● Records for the task

========

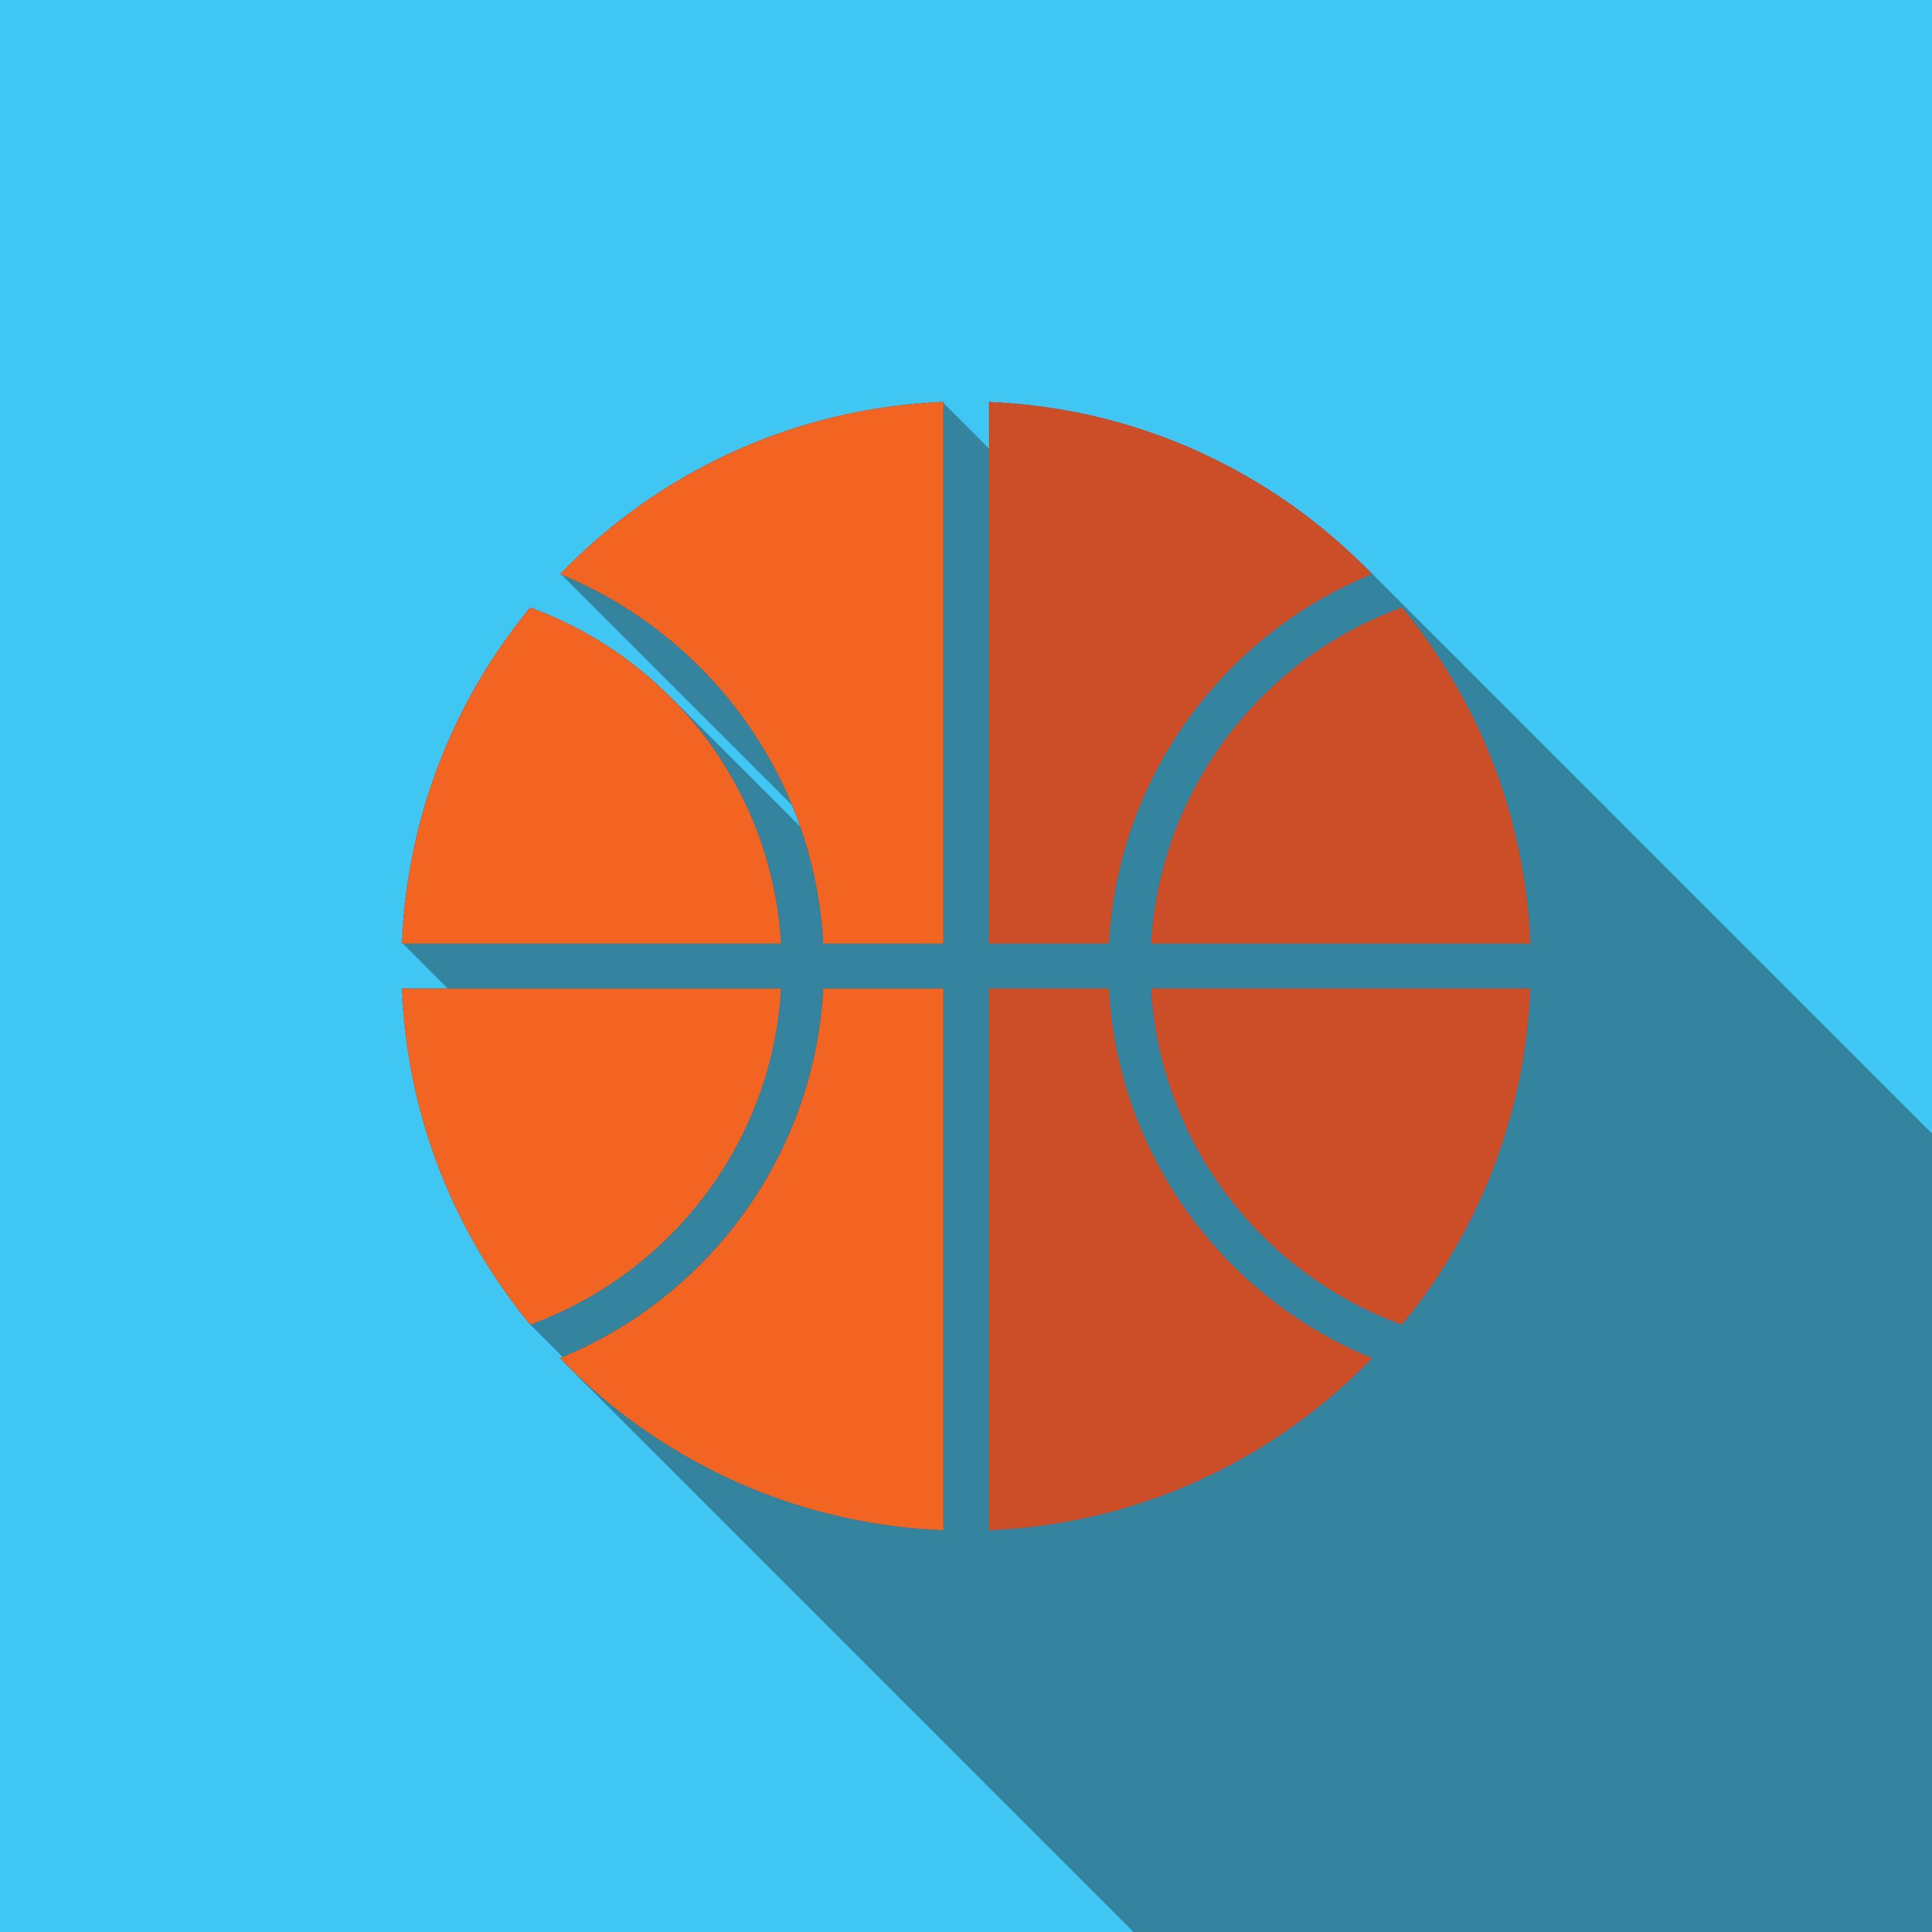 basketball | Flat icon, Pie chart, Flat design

========

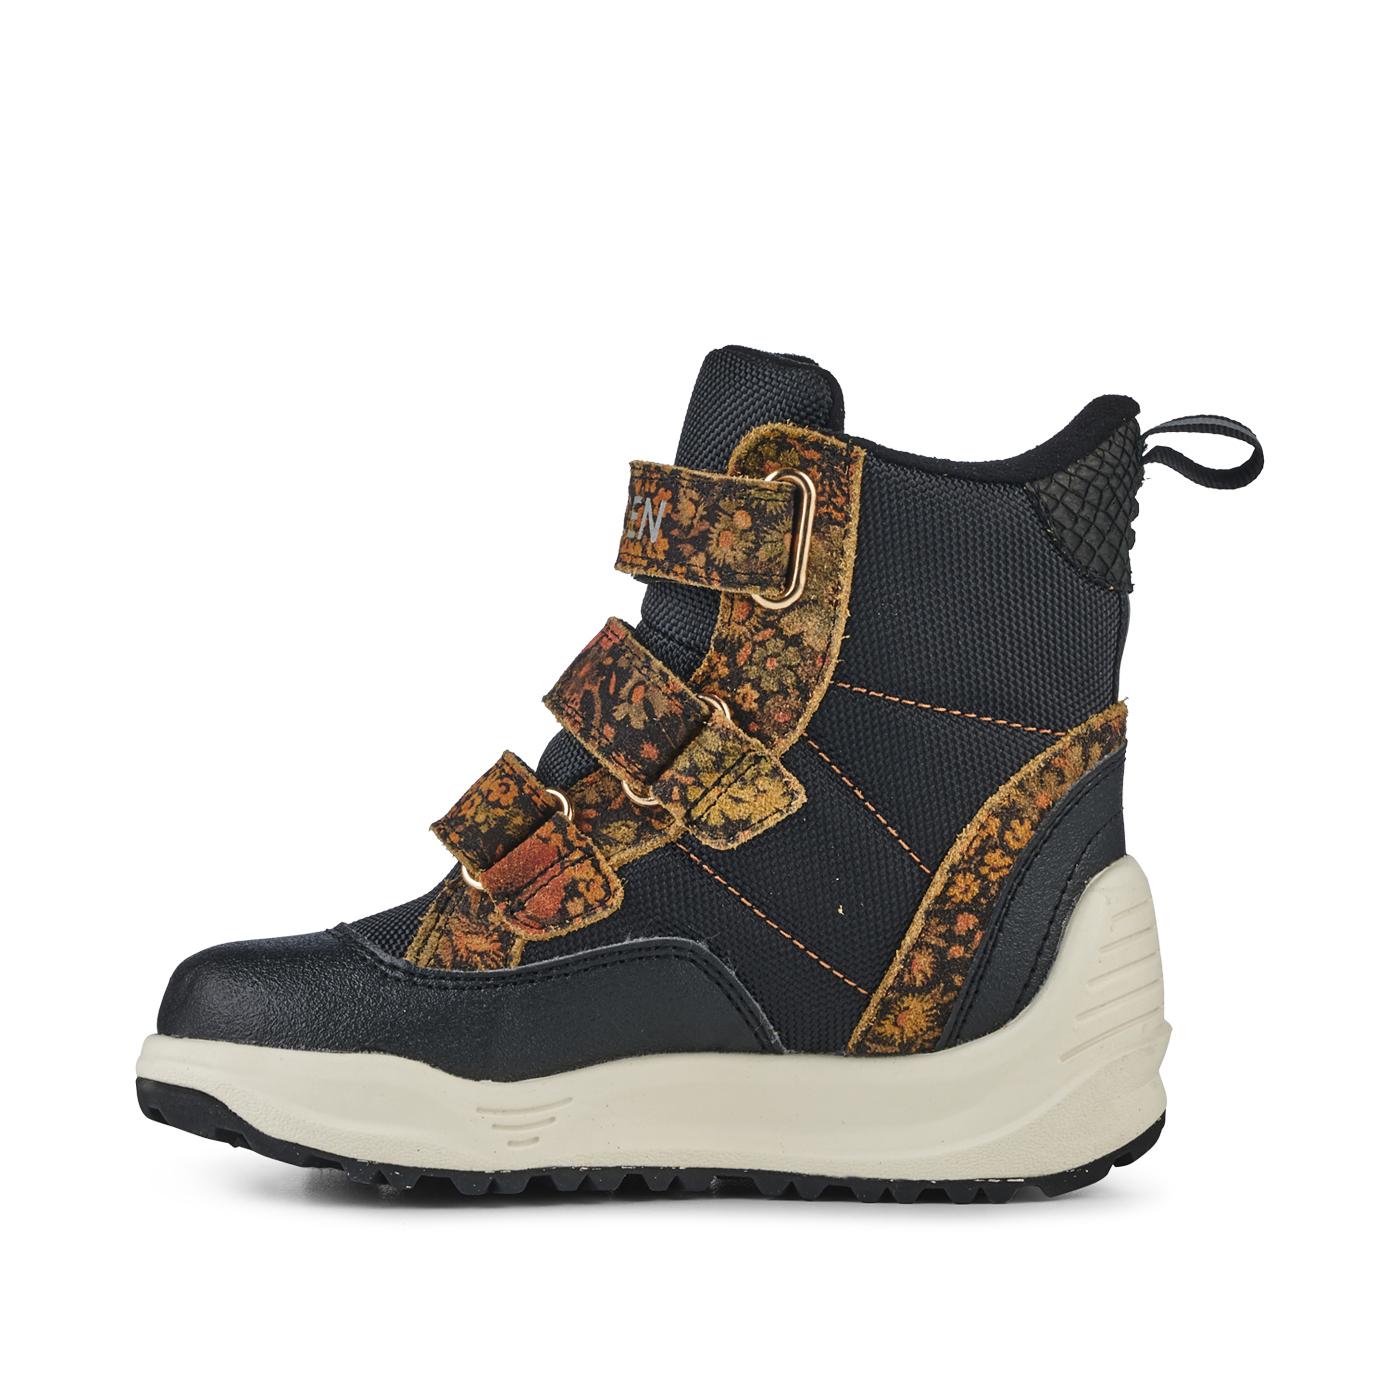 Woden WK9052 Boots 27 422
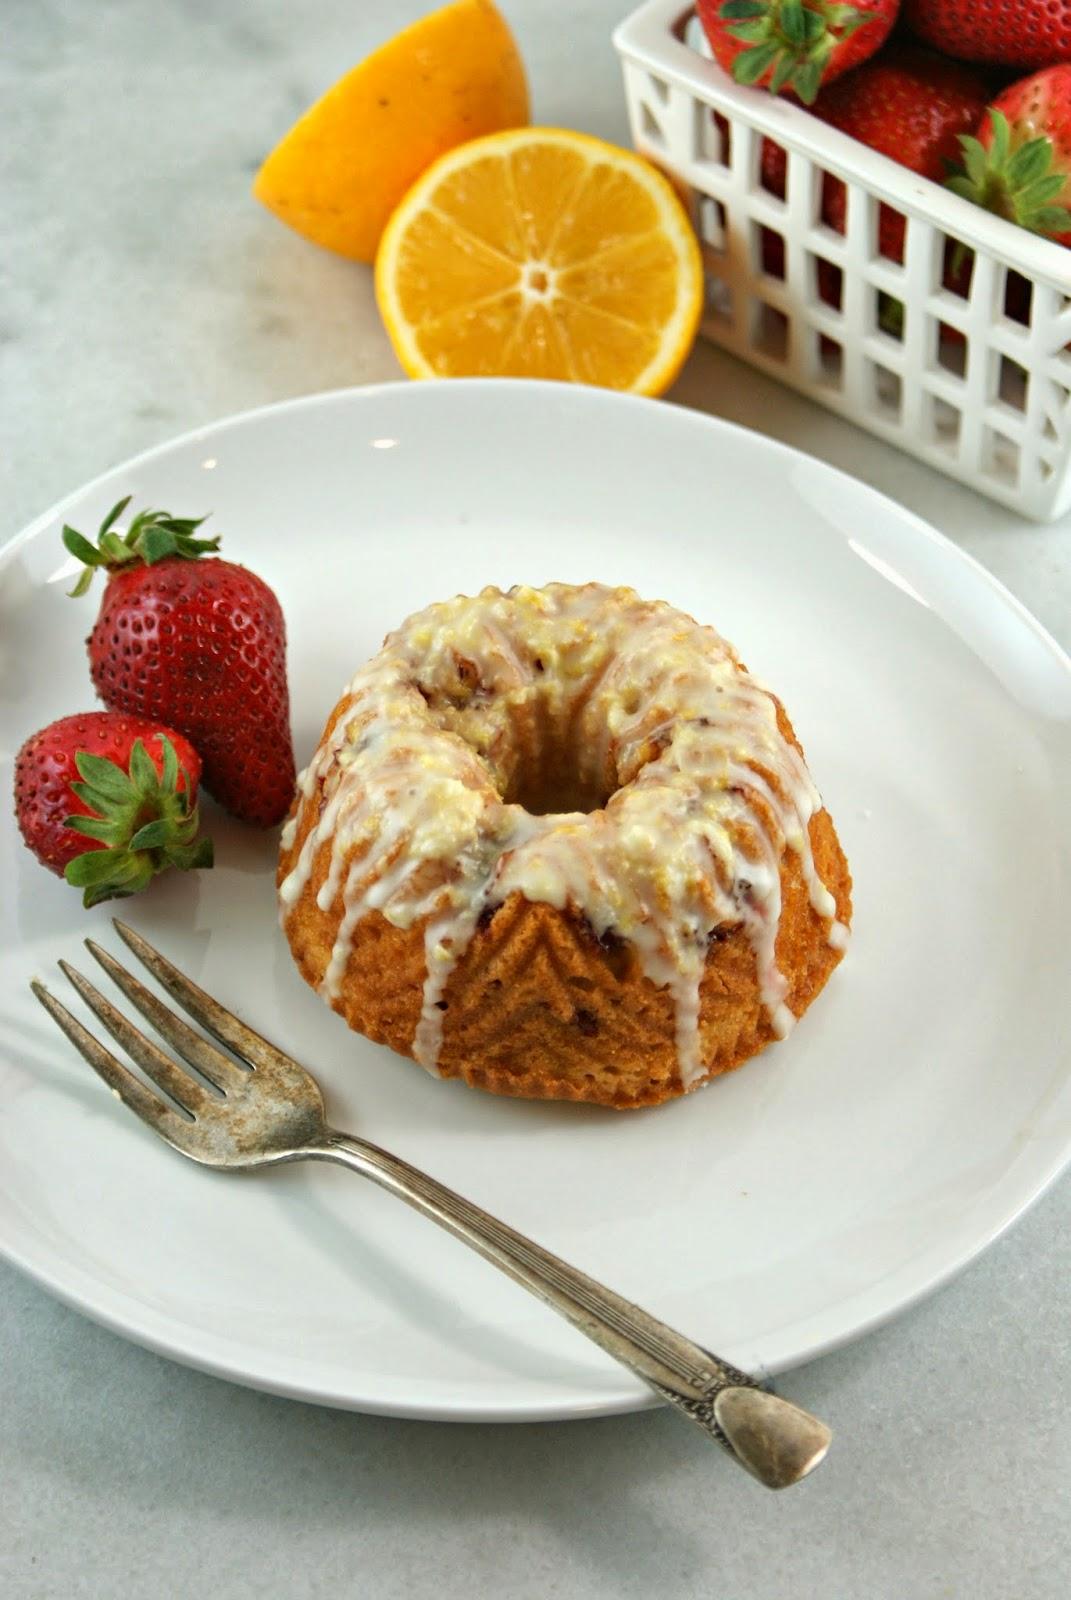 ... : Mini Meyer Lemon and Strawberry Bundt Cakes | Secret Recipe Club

========

● Exercise prompt
Range to print from the listing above: from the line with "Woden WK9052 Boots 27 422" up to and including the line with "Secret Recipe Club". Please print those lines exactly, with no pictures and nothing more.

● Result for this task
 Woden WK9052 Boots 27 422
 ... : Mini Meyer Lemon and Strawberry Bundt Cakes | Secret Recipe Club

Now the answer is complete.